Naturally, the varying types and sources of emissions at petroleum and natural gas facilities present a unique set of challenges when it comes to measurement. In a significant change from the original proposed MRR, this proposed rule would require direct measurement of emissions only for the most significant emissions sources. For other sources, it would allow the use of engineering estimates, emission modeling software, or emissions factors. The type of direct or indirect measurement allowable for each specific type of source is set forth in the proposed rule. This added flexibility should make it much more feasible for companies to comply with the monitoring requirements and provide accurate data on their emissions from such widely varying sources.
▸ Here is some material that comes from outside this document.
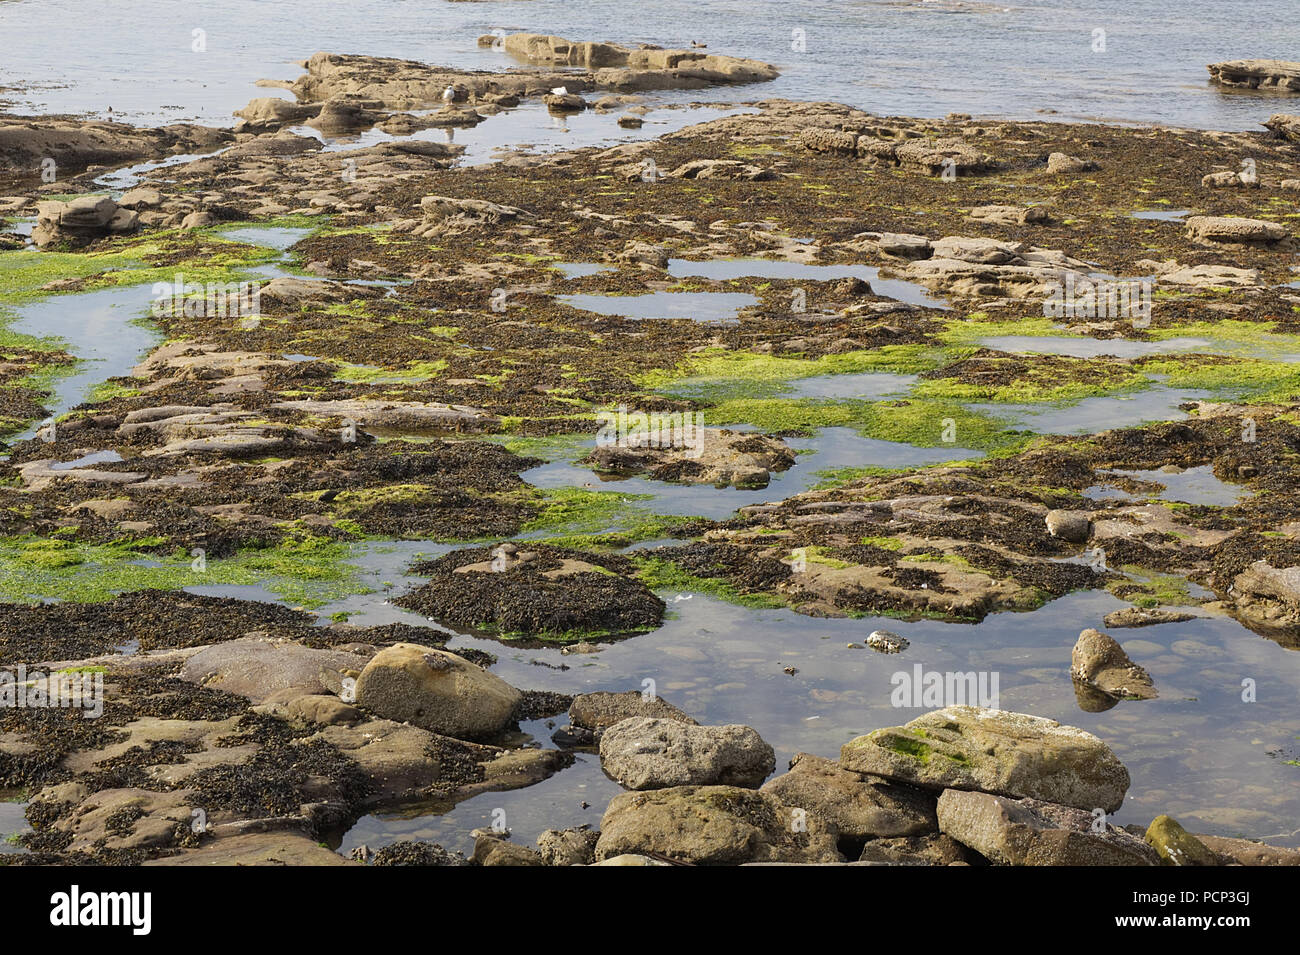 algae and seaweed on rocks in the ocean Stock Photo

The Bottom Line: Impact and Implications

The immediate impact of the proposed rule, if finalized, would be significant, but by no means crippling for companies operating in the petroleum and natural gas sector. According to EPA estimates, the proposed rule would apply to approximately 3,000 facilities, 1,200 of which are already required to report under other provisions of the MRR (such as the stationary combustion source requirements). The total cost of compliance to industry would be an estimated $60 million in the first year and $25 million in subsequent years, equating to an average cost per facility of $18,000 in the first year and $8,000 in subsequent years. EPA estimates that the proposed rule would cover approximately 89 percent of fugitive and vented emissions from the sector, and about 85 percent of total combustion, fugitive and vented emissions.

More significant than the actual costs of complying with the rule are the implications it carries for future regulation of the sector. If Congress does not adopt preemptive climate legislation in this session, EPA has announced its intention to regulate stationary sources of GHG emissions beginning in 2011. It is widely expected that EPA’s stationary source regulations will apply to the same industrial sectors covered by the GHG reporting rule. Thus, this proposed rule sets the stage for the eventual appliction of GHG emissions reduction requirements to the industry, and those requirements will inevitably carry a significantly greater cost. Moreover, given the sector’s significant contribution to the nation’s overall GHG emissions – as mentioned previously, it is the second largest source of anthropogenic emissions of methane, which has a global warming potential 20 times greater than CO2 – it is likely that when the first reliable, facility-level GHG emissions data becomes publicly available in mid-2012, the public calls for emissions reduction requirements or other form of regulation will only increase, possibly hastening the enactment of such regulations or legislation.

Of course, opportunistic companies in the sector will also see opportunities arising out of the proposed rule. Perhaps most significantly, the requirement to monitor and quantify both vented and fugitive methane emissions will arm facility owners with detailed information regarding how much valuable product they are losing and at what specific sources and locations. This could enable owners to effectively reduce emissions from leaks and other unintentional losses and recover more valuable product for sale on the market. In addition, quantification of the volume and location of CO2 emissions may help operators identify potential market opportunities and spur the development of more cost-effective carbon capture technology to permit carbon sequestration through the use of recovered CO2 in enhanced oil recovery.

These are just a few of the potential benefits of the proposed rule to industry. Entrepreneurial companies in the sector will undoubtedly identify more.